Politico makes the point that Gawker’s at times trashy brand of journalism is creating a double standard about what press is entitled to protection by the Constitution, saying that “To add a little moral clarity to Thiel’s legal maneuvering, ask yourself what sort of public response there would be if he had secretly financed a lawsuit against the New York Times instead of Gawker. The First Amendment lobby would be up in arms, and petitions denouncing Thiel would be in wide circulation, accusing him of trying to neuter the press.”

Vanity Fair, a magazine possibly found in the private jets of powerful billionaires, worries that this one has gone too far and says, “There’s concern that a powerful billionaire shutting down a media property, no matter how imperfect that media property is, sets a dangerous precedent for media and could have a chilling effect on other news outlets reporting unsavory news stories about wealthy public figures in positions of power.”

Even Variety has weighed in with harsh criticism:

“Today’s the day Donald Trump apparently clinched the number of delegates he’ll need to be the Republican nominee.

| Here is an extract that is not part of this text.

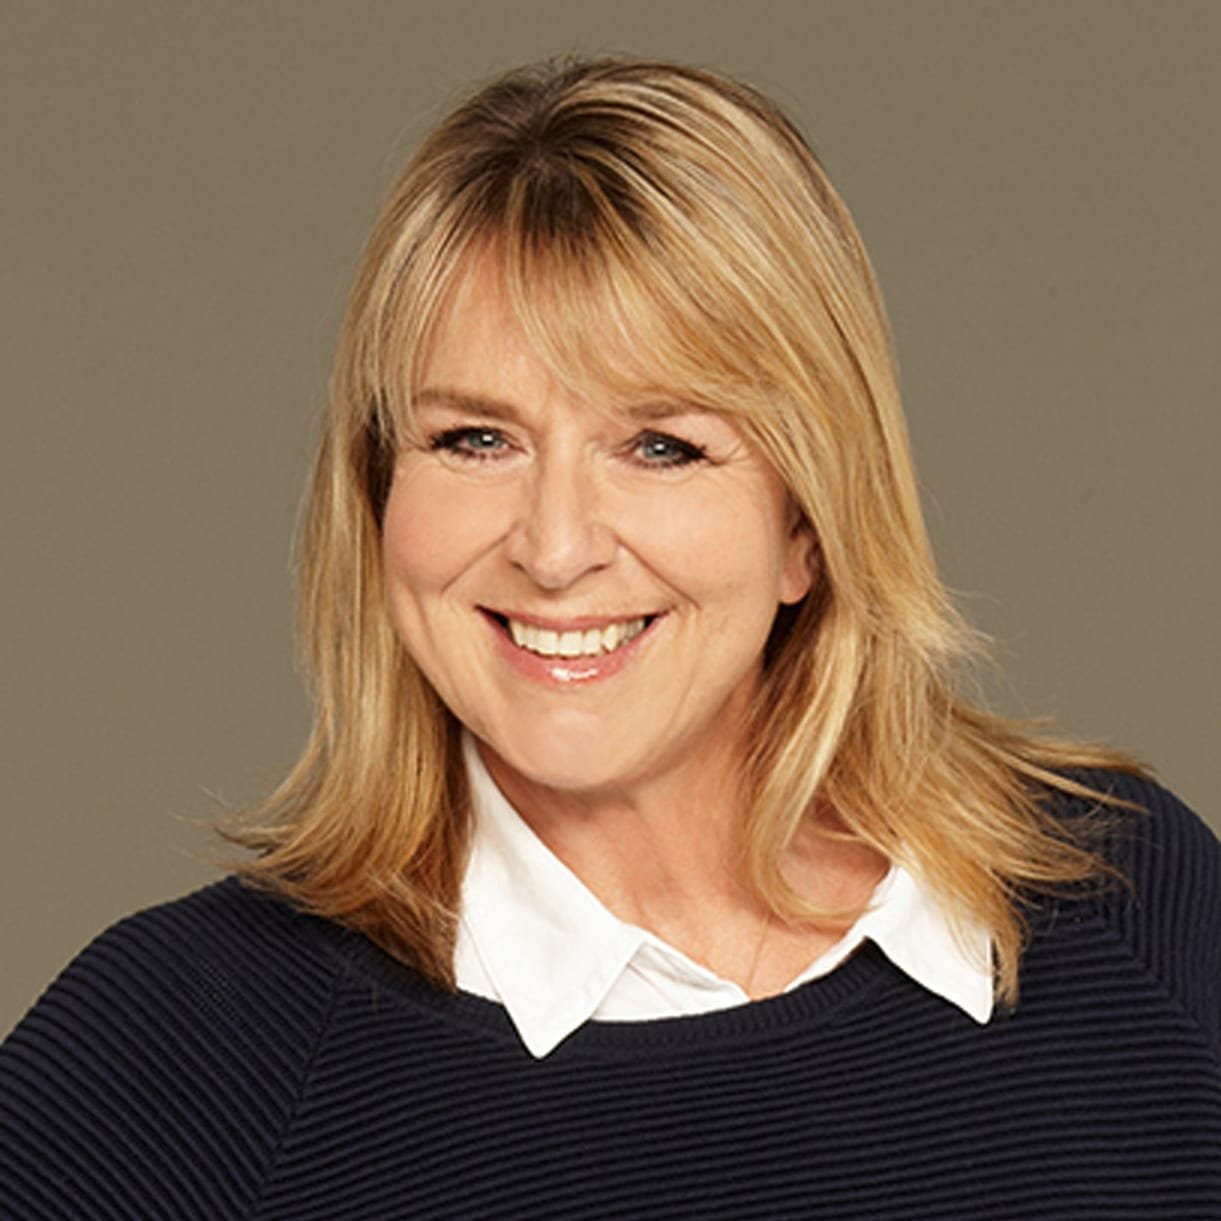 Fern-Britton-Presenter-broadcaster-awards-TV-host-at-Great-British-Speakers

But right now, I’m more afraid of Thiel and his ilk. We all should be… The punishment Thiel clearly has in mind — the scorched-earth destruction of the entire company — in no way fits the crime he thinks it has committed. It’d be like you crashing into your neighbor’s car not once but two or three times, and in response, your neighbor, instead of getting angry, lobbing some valid complaints and filing an insurance claim, burns down your house and runs over your dog. And then moves away and drops a bomb on the neighborhood. Gawker isn’t innocent in this, nor is it Satan incarnate. But this isn’t about Gawker.”

Thiel, who has contributed money to the Committee to Protect Journalists, does not share the same position as those media outlets, and considers supporting the case against the media company to be “one of my greater philanthropic things that I’ve done. I think of it in those terms.” He added that, “It’s precisely because I respect journalists that I do not believe they are endangered by fighting back against Gawker.”

So there you have it. The whole story from 2007 up until now about why an incredibly successful Silicon Valley entrepreneur would have any interest in a privacy lawsuit about some retired wrestler’s sex tape. It is unknown how the Thiel bombshell will affect Gawker’s appeal of the settlement, but we can be sure now that those intermittent news breaks in the months and years to come will be a lot more interesting than we thought at the end of March.